Create a file named `openssl.cnf` with the following content:
```
[ req ]
default_bits = 2048
default_md = sha256
default_keyfile = server.key
prompt = no
encrypt_key = no
distinguished_name = req_distinguished_name
x509_extensions = v3_req
[ req_distinguished_name ]
C = US
ST = California
L = San Francisco
O = My Company
OU = My Division
CN = localhost
[ v3_req ]
subjectAltName = @alt_names
[ alt_names ]
DNS.1 = localhost
```
```bash
# Generate the private key
openssl genpkey -algorithm RSA -out server.key
# Generate the certificate signing request (CSR)
openssl req -new -key server.key -out server.csr -config openssl.cnf
# Generate the self-signed certificate with SAN
openssl x509 -req -days 365 -in server.csr -signkey server.key -out server.crt -extensions v3_req -extfile openssl.cnf
```
server.crt and server.key files can then be used to start the server with TLS support.

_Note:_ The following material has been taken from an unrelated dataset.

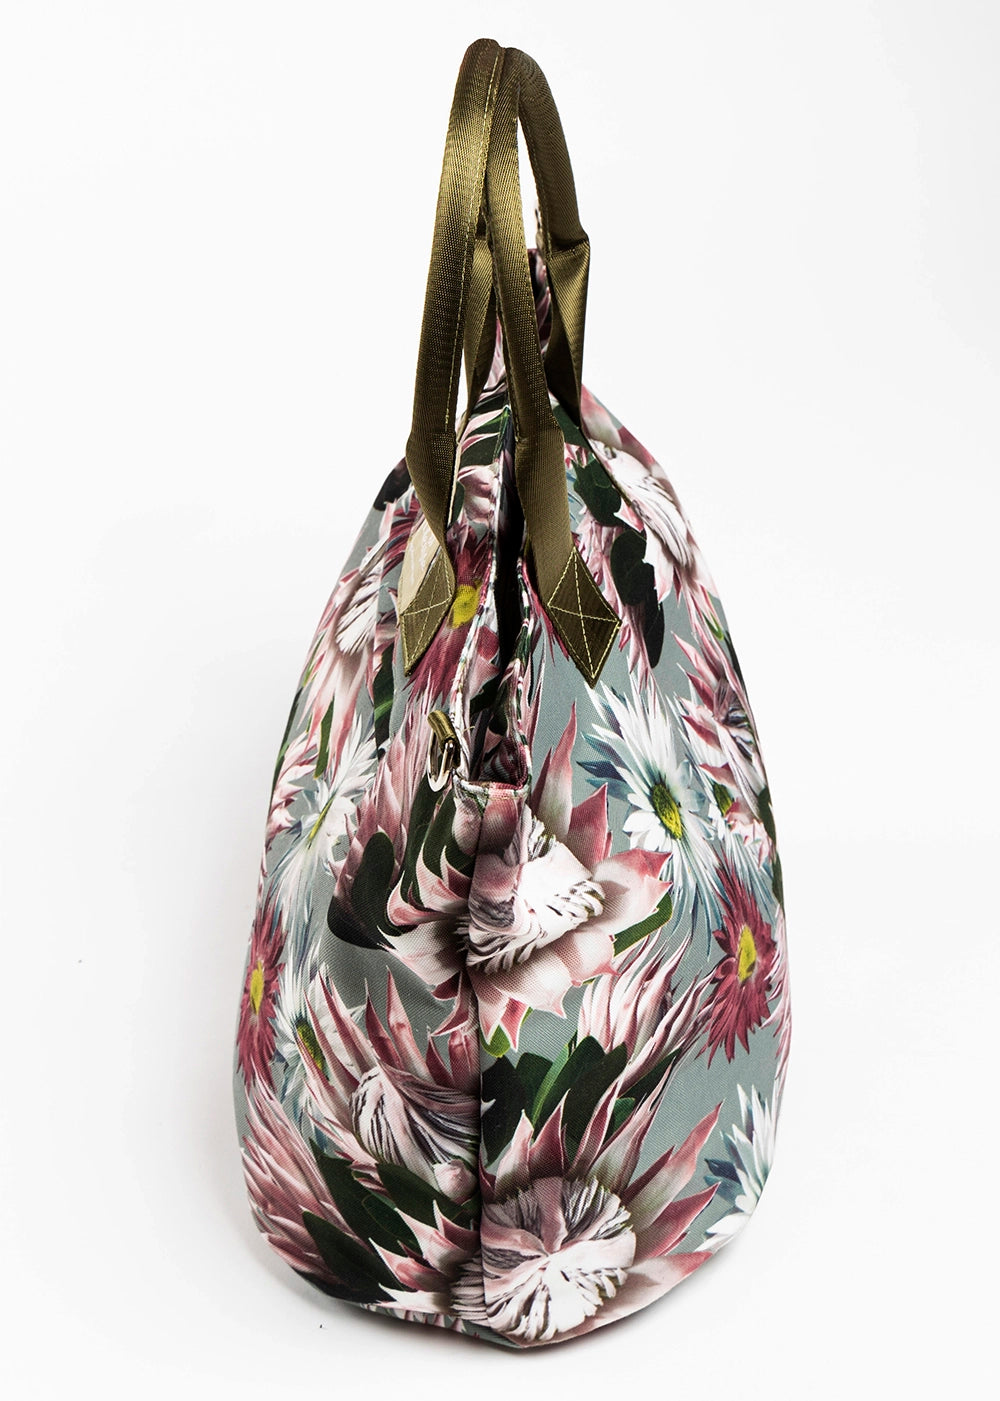 The Protea canvas tote bag which has pink wildflowers on a soft green background with green handles.

#### Starting the server with TLS support
```
cerberus -tls-ca-cert server.crt -tls-server-key server.key
```
The server can then be queried over a secure connection using a gRPC client that supports TLS. For example, using `grpcurl`:
```
grpcurl -cacert server.crt -d '{"password": "test"}' -import-path . -proto proto/keymanager.proto localhost:50051 keymanager.v1.KeyManager/GenerateKeyPair
```
#### Connecting a GO client with the server using TLS
```go
package main
import (
"context"
"fmt"
"log"
"time"
"github.com/Layr-Labs/cerberus-api/pkg/api/v1"
"google.golang.org/grpc"
"google.golang.org/grpc/credentials"
)
const SIGNER_API_KEY = ""
func main() {
creds, err := credentials.NewClientTLSFromFile("server.crt", "")
if err != nil {
log.Fatalf("could not load tls cert: %s", err)
}
conn, err := grpc.Dial("localhost:50051", grpc.WithTransportCredentials(creds))
if err != nil {
log.Fatalf("did not connect: %v", err)
}
defer conn.Close()
c := v1.NewSignerClient(conn)
ctx, cancel := context.WithTimeout(context.Background(), time.Second)
defer cancel()
req := &v1.SignGenericRequest{
PublicKey: "0xabcd",
Password: "p@$$w0rd",
Data: []byte{0x01, 0x02, 0x03},
}
// Pass the API key to the signer client
ctx = metadata.AppendToOutgoingContext(ctx, "authorization", SIGNER_API_KEY)
resp, err := c.SignGeneric(ctx, req)
if err != nil {
log.Fatalf("could not sign: %v", err)
}
fmt.Printf("Signature: %v\n", resp.Signature)
}
```
### Migrating keys from eigenlayer-cli to cerberus
If you created your keys using the eigenlayer-cli,
you won't be able to directly copy the encrypted json file as this keystore uses ERC2335 format (eigenlayer-cli will add support for this soon).
You can migrate them to cerberus using the following steps:
1. Export your keys from eigenlayer-cli
```bash
eigenlayer keys export --key-type bls
```
2. Copy the private key from the output.
3. Import the key into cerberus
```bash
grpcurl -plaintext -d '{"privateKey": "", "password": "p@$$w0rd"}' : keymanager.v1.KeyManager/ImportKey
```
## Security Bugs
Please report security vulnerabilities to [email protected]. Do NOT report security bugs via Github Issues.